The problem here is that ATTR cardiomyopathy not only isn’t rare, it’s actually downright common if you are looking at older populations with HF with preserved ejection fraction. Plus, we now have an easy/inexpensive screening test available to make the diagnosis, by sending off a couple of simple laboratory tests and ordering an inexpensive/noninvasive nuclear scan, so the sky is the limit for the number of people who will be eligible to take the drug.
On an individual patient level, because most patients eligible for tafamidis are older and insured through Medicare, they have the “donut hole” and the 5% drug copay, so their out-of-pocket costs approach $15,000 a year. While there are assistance programs available for some patients with the lowest incomes, for patients who have a moderate income but who are by no means wealthy, they are caught in a really bad situation.

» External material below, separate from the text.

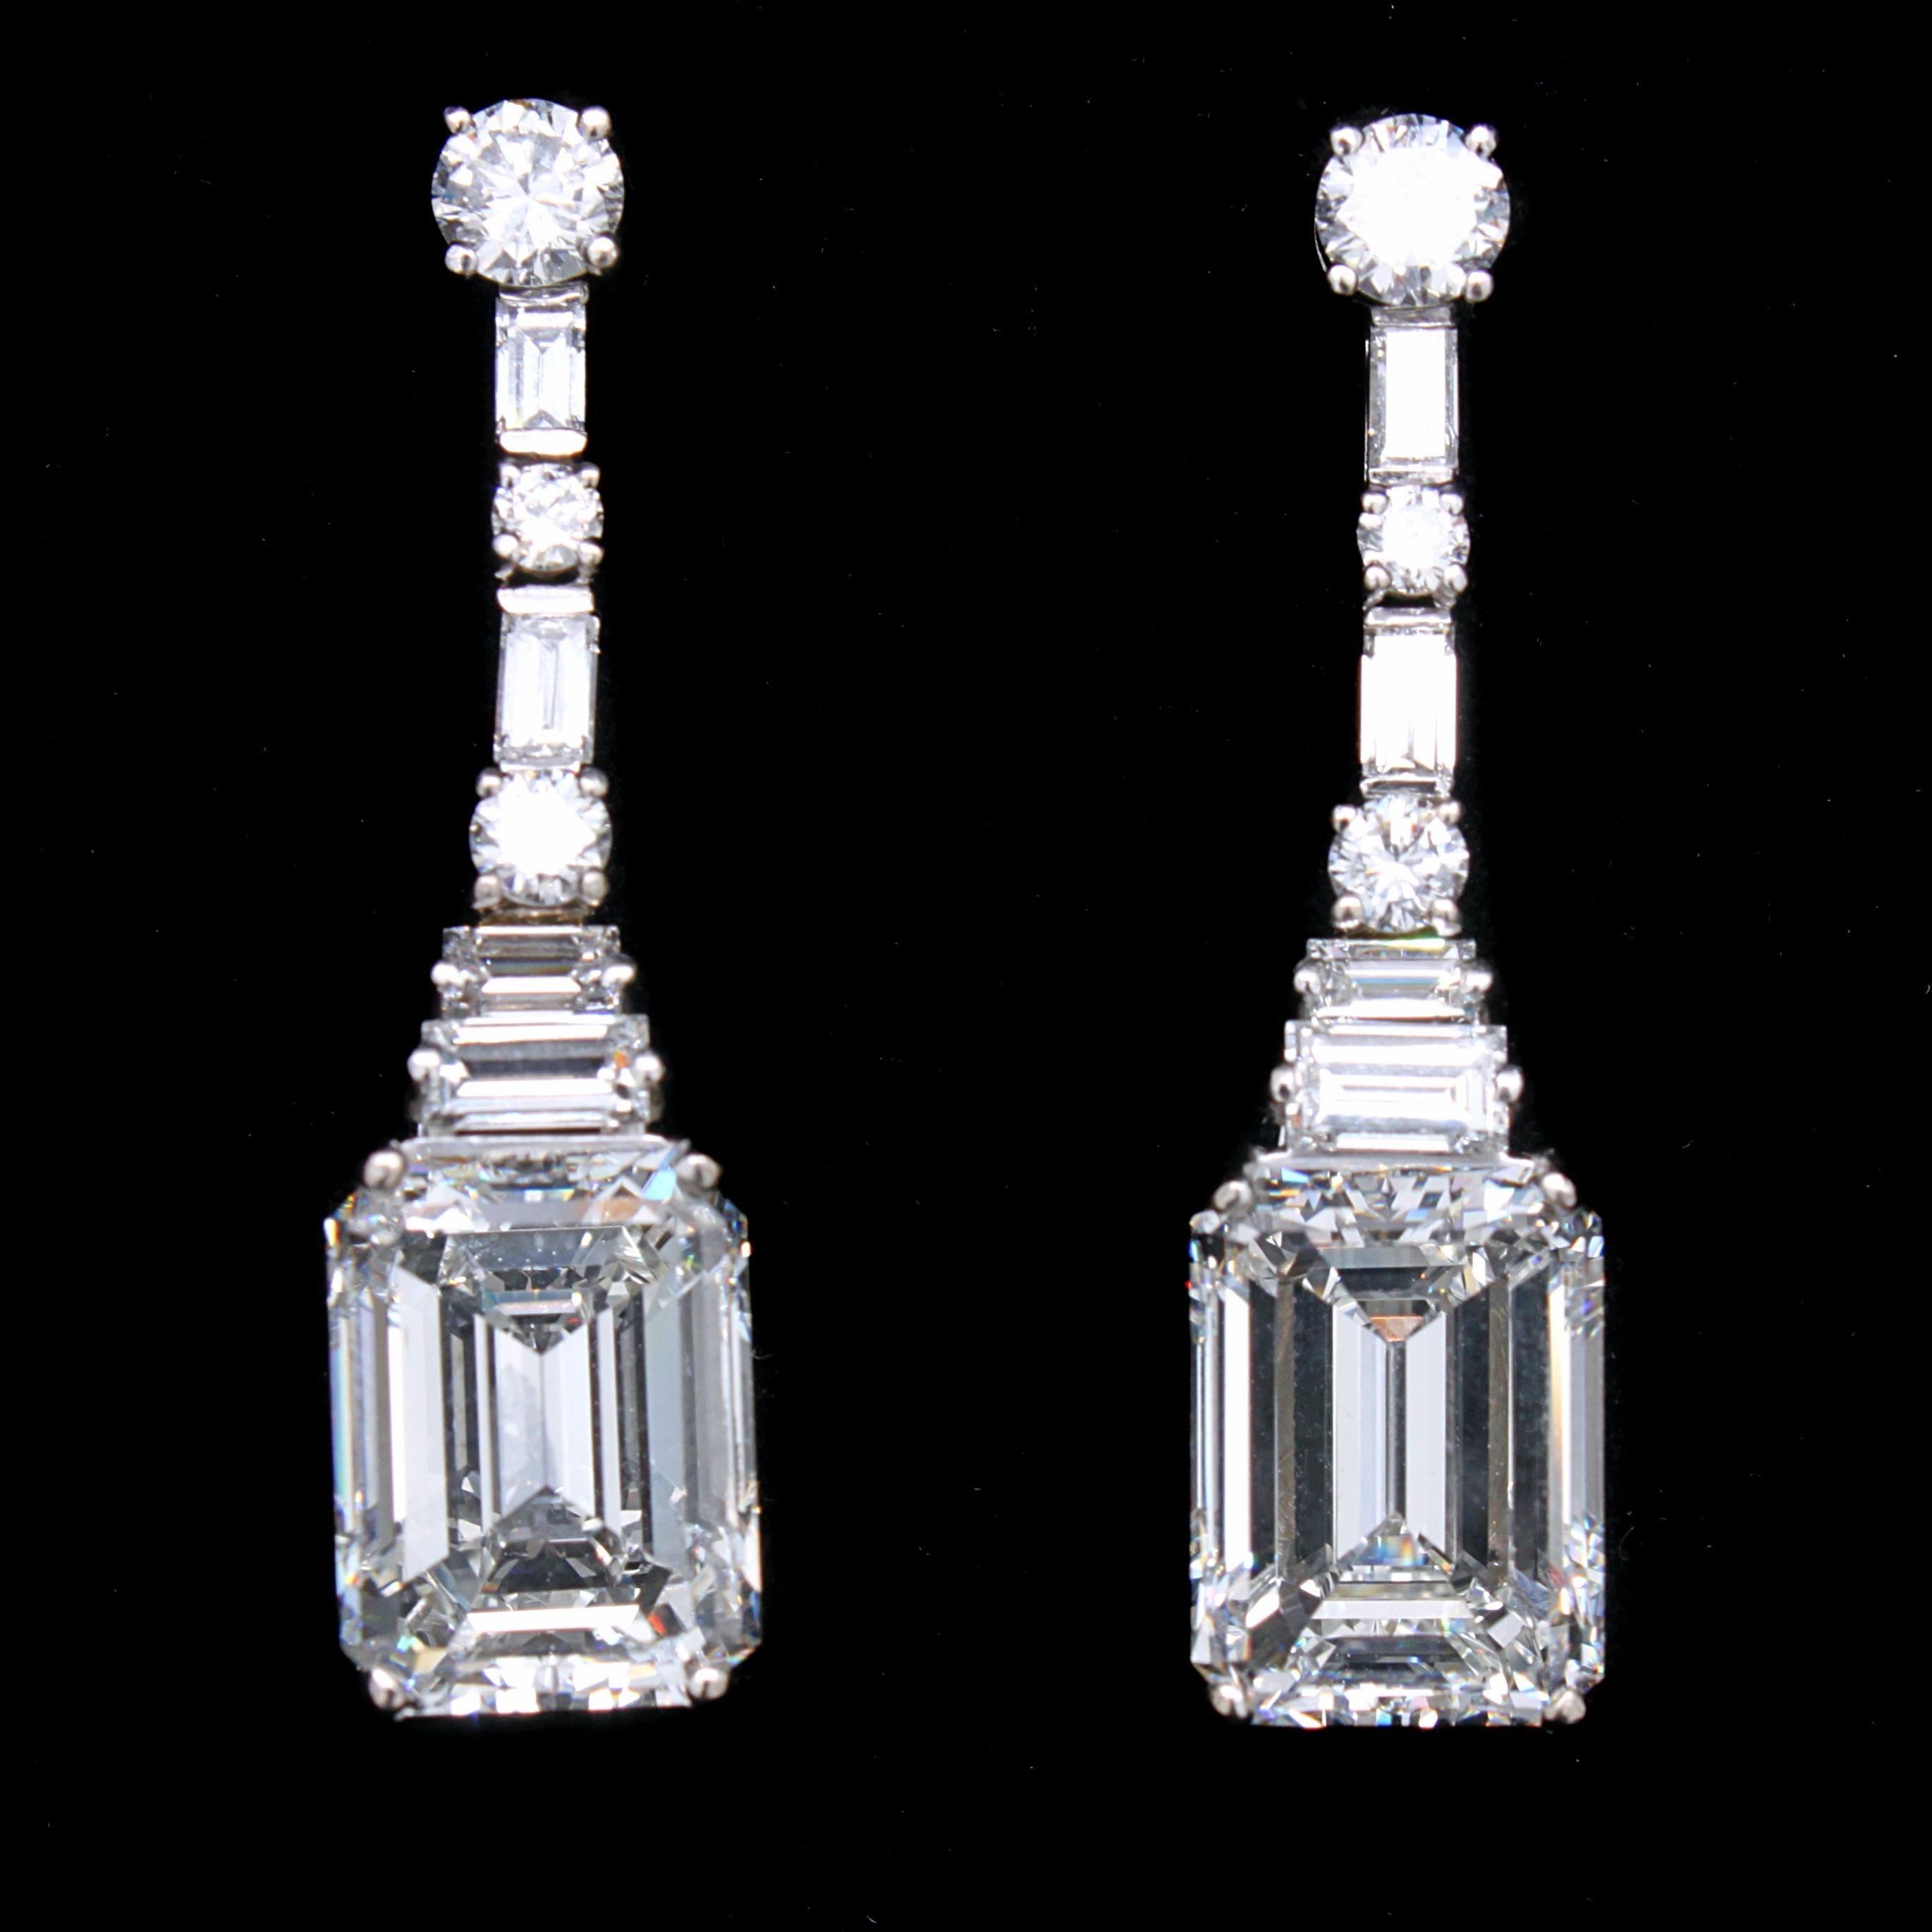 A stunning pair of emerald cut diamond Art Deco earrings, ca. 1930s. 

The two large stones weigh 5.37ct (H-VVS2, potentially IF) and 5.26ct (H-VS1) respectively - accompanied by GIA certificates. They are topped by round brilliant cut diamonds and

What needs to be done is pretty straightforward — Pfizer could lower the cost. There’s really no way to justify the current cost when the number of new diagnoses and number of new prescriptions are skyrocketing so fast, and again, the only justification for the $225,000 a year cost was that the disease was truly rare. So as that’s clearly not the case, Pfizer needs to significantly drop the cost. My hope is that with the ongoing pressure from physicians, patients and patient advocacy groups, that they will listen. When many of the authors of the landmark study that led to tafamidis’ approval — including the lead author of this study — are publishing a manuscript stating that it would require a greater than 90% price reduction to make it cost-effective, it’s not a great look.